Dr Poinapen remarked that the successful achievements of the project were also testament to the support of the project collaborators and IAS hopes to continue this work with the regional governments, communities and the resource owners in years to come.

“IAS is grateful to be involved in the GEF-ABS Project since it now has well equipped natural product and analytical laboratories and can perform natural product extraction services, bioassay-guided purification of active metabolites and the isolation of gram quantities of metabolites required for more in-depth biological testing and/or to support semi-synthetic programmes,” he said. 

According to Dr Poinapen, IAS has established in-house bioassays for general toxicity and for identifying extracts/compounds active against drug resistant pathogenic bacteria and fungi. 

The Institute is also in the process of establishing an anti-dengue test facility and is especially interested in collaborations aimed at the discovery of potential new drugs for the treatment of Neglected Tropical Diseases.

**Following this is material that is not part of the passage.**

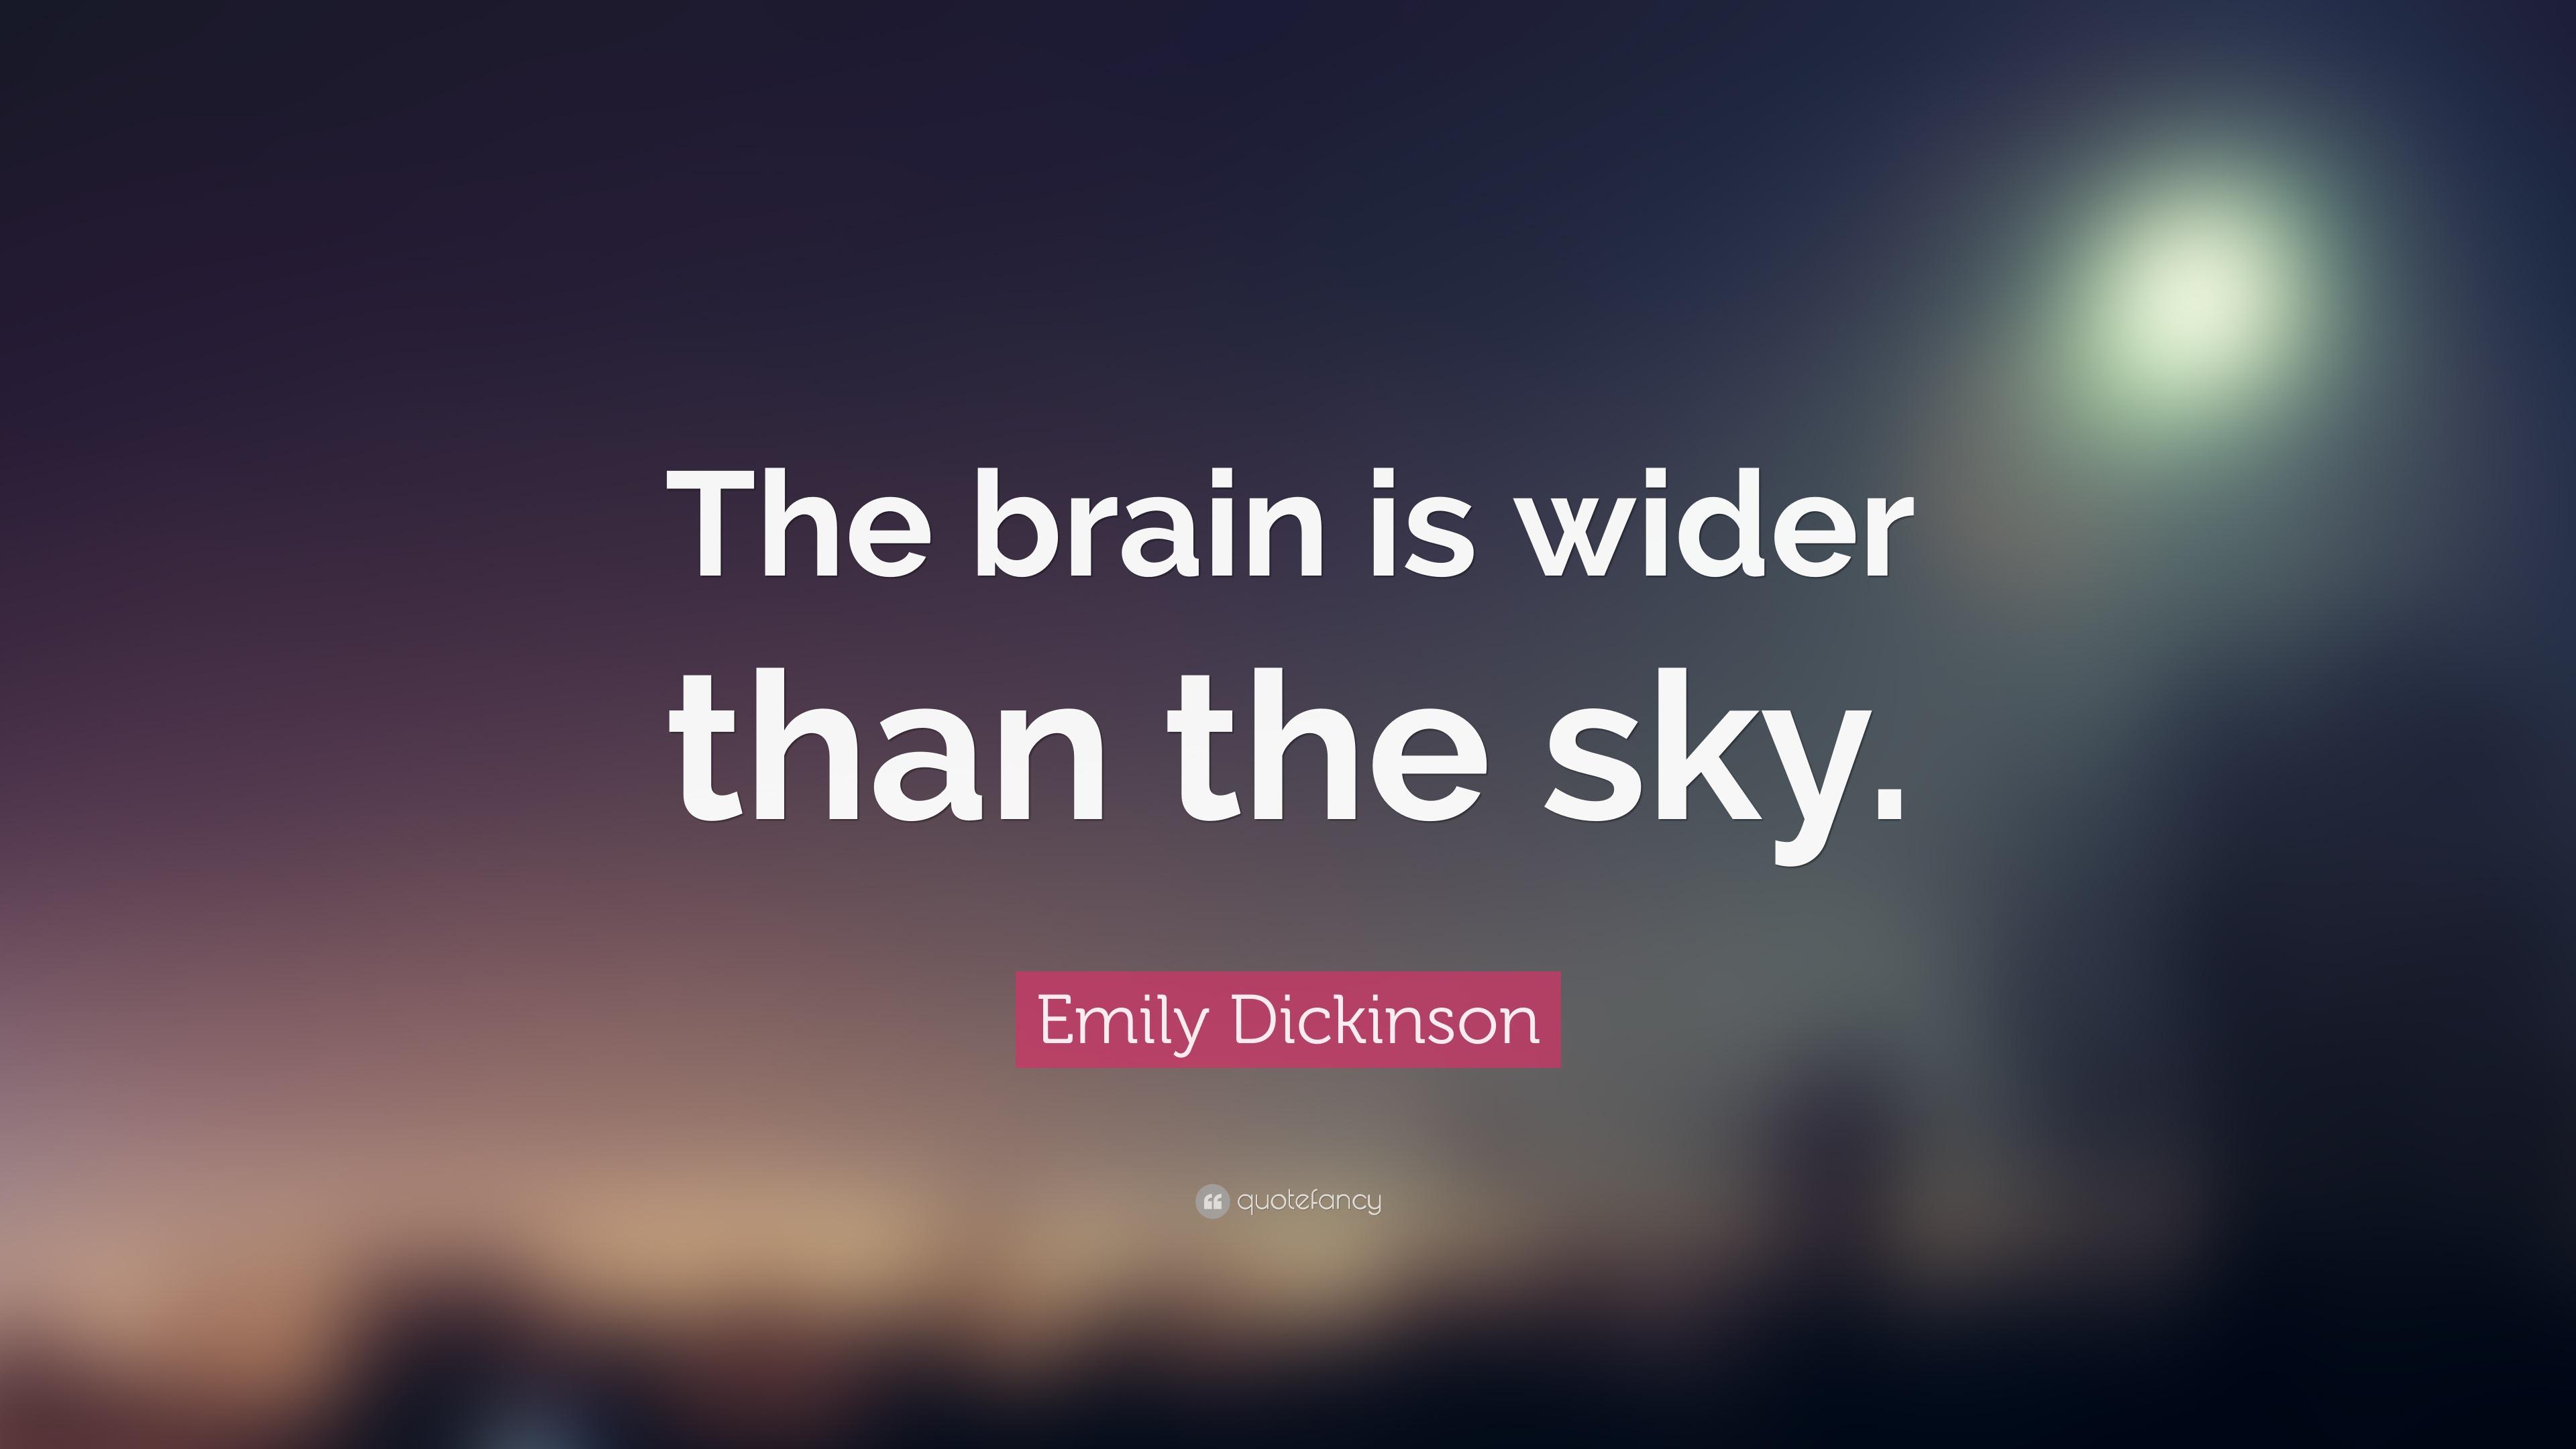 an analysis of emily dickinsons the brain is wider than the sky The brain&mdashis wider than the sky by emily dickinson 632 the brainmdashis wider than the skymdash formdashput them side by sidemdash the one the other will contain with easemdashand youmdashbesidemdash.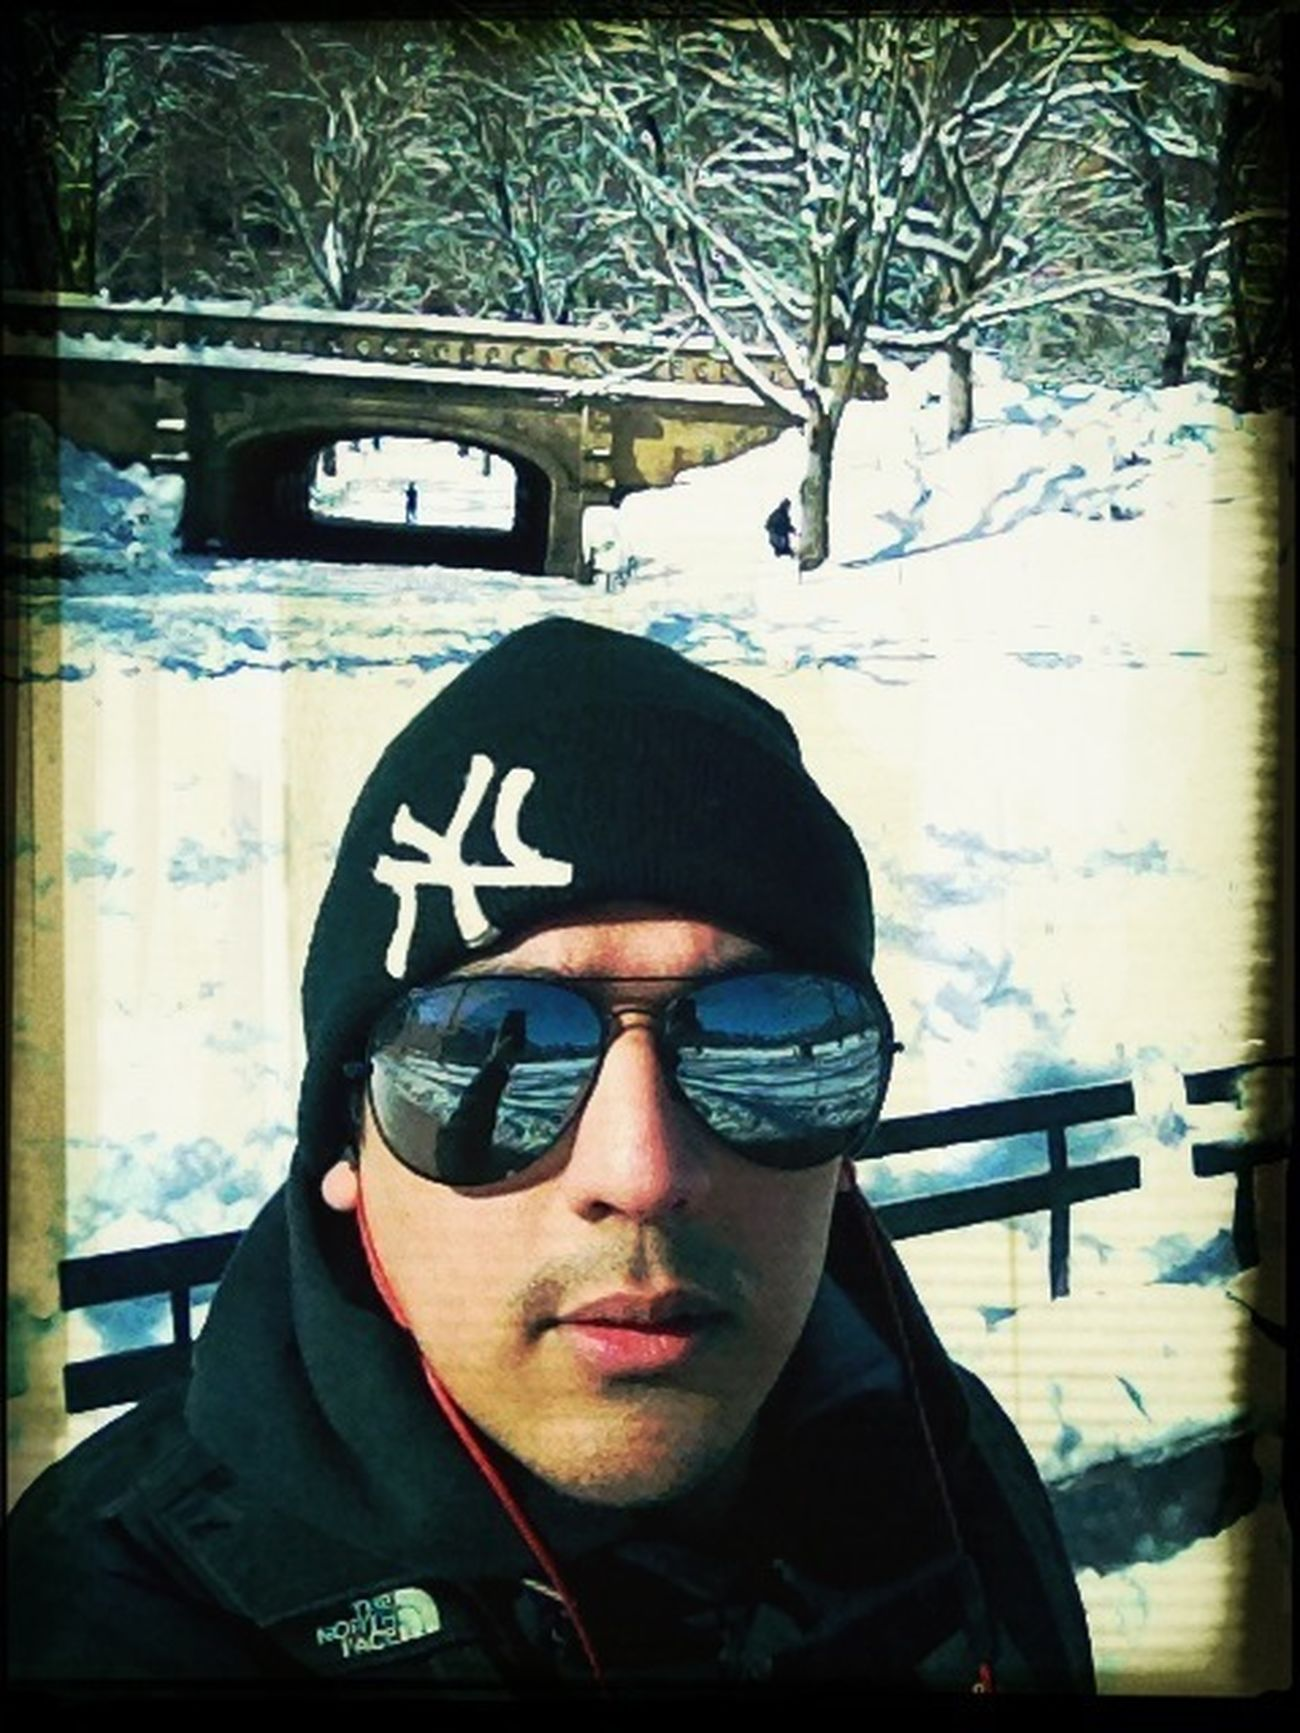 Winterbliss

The GEF Nagoya ABS project brings more focus to the value of genetic resources that are accommodated in Fiji’s biodiverse areas.

It also elucidates the means by which benefits for ecosystem services could be used to stimulate conservation at the local level, while providing avenues for improved livelihoods.

The project assisted in addressing gaps and barriers to scientific research, particularly the lack of bioprospecting policy and guidelines, and technological and human capacity development in Fiji.

As well, it addressed the limited national capacity to implement, institutionalise and operationalise ABS agreements and the Nagoya Protocol which was signed by Fiji in 2014.

As a result of this joint collaboration between project stakeholders, international partners and the communities of Yasawa, Beqa and Kadavu, IAS through its Pacific Natural Products Research Centre has with the permission of the landowners collected a wide variety of marine samples that have been sorted, analysed and recorded into the Bioprospecting Samples Database. This database is a momentous achievement for bioprospecting research as it is the first of its kind in the Pacific.

The database houses biodiversity and screening information about marine samples collected in Fiji. Specific information includes preliminary taxonomic details, location where samples were collected, scientific results and information such as DNA and voucher collections. 

The large number of samples stored in this database was collected as part of the GEF-ABS project.

The BSD hopes to secure and enhance the flow of information among multiple participants and communities and allows for tracking and monitoring of information by relevant national, regional and international institutions.